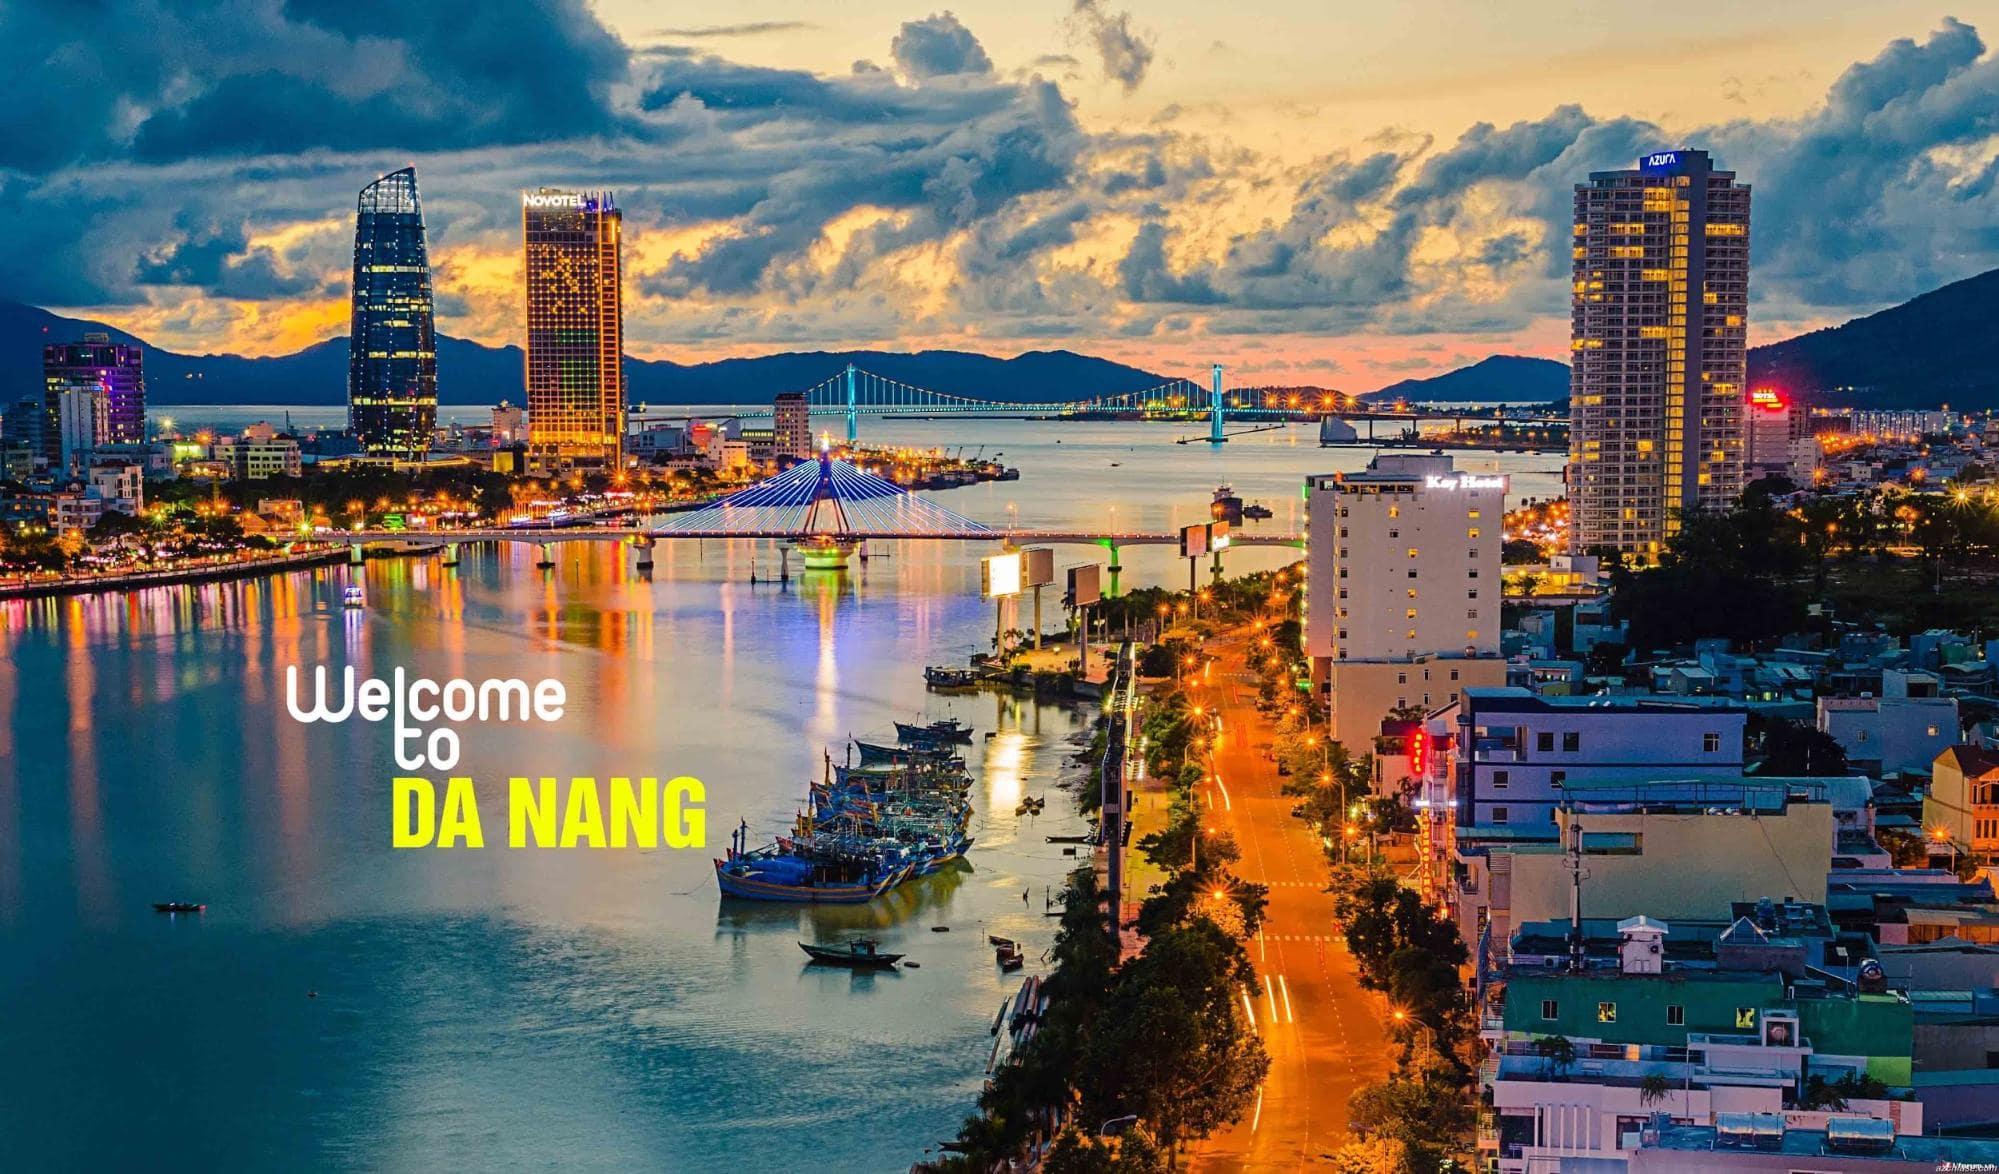 Du lịch Đà Nẵng 4 ngày 3 đêm 1
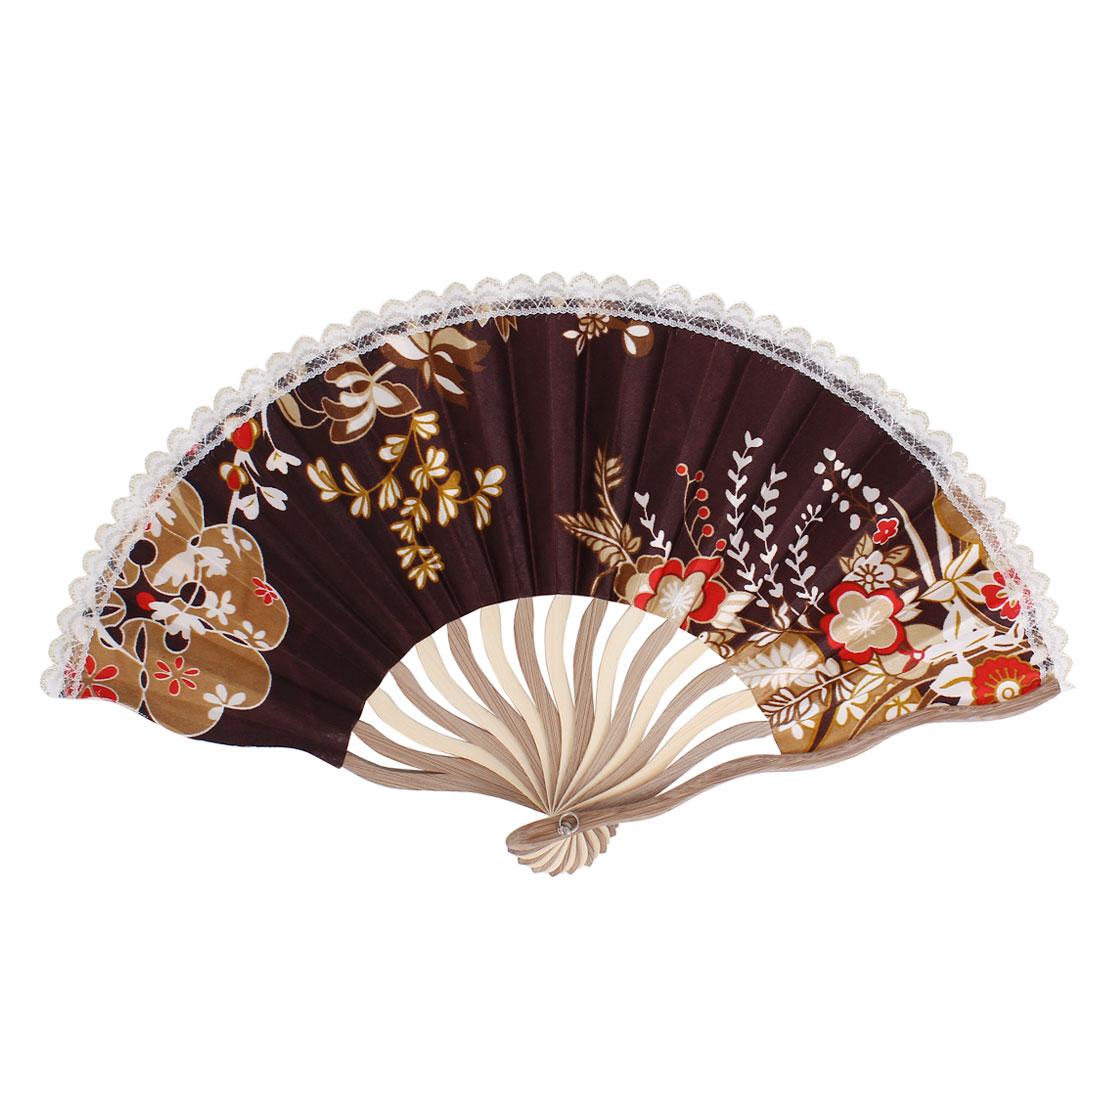 Wood Frame Flowers Pattern Lace Rim Dancing Party Folding Hand Fan Gray
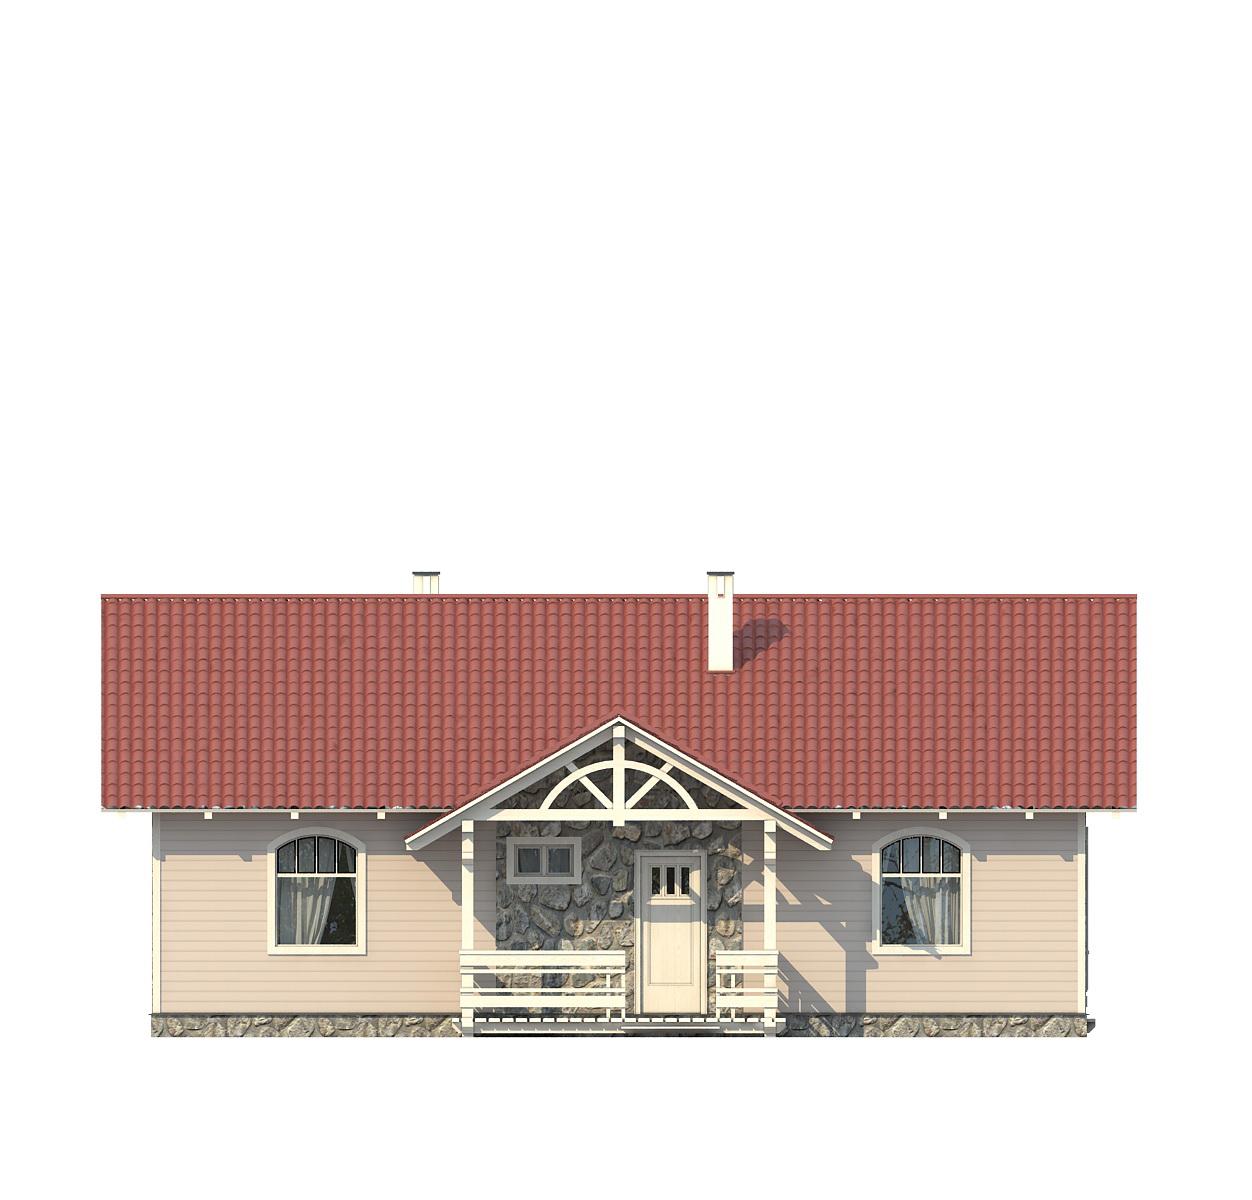 Проект дома 002-1 фасад

----------

## EXERCISE INSTRUCTIONS
Set down again, exactly, the lines from the one with "Wood Frame Flowers" to the last line of the data, both included and pictures excluded.

## OUTPUT OF THE TASK
 Wood Frame Flowers Pattern Lace Rim Dancing Party Folding Hand Fan Gray
 Проект дома 002-1 фасад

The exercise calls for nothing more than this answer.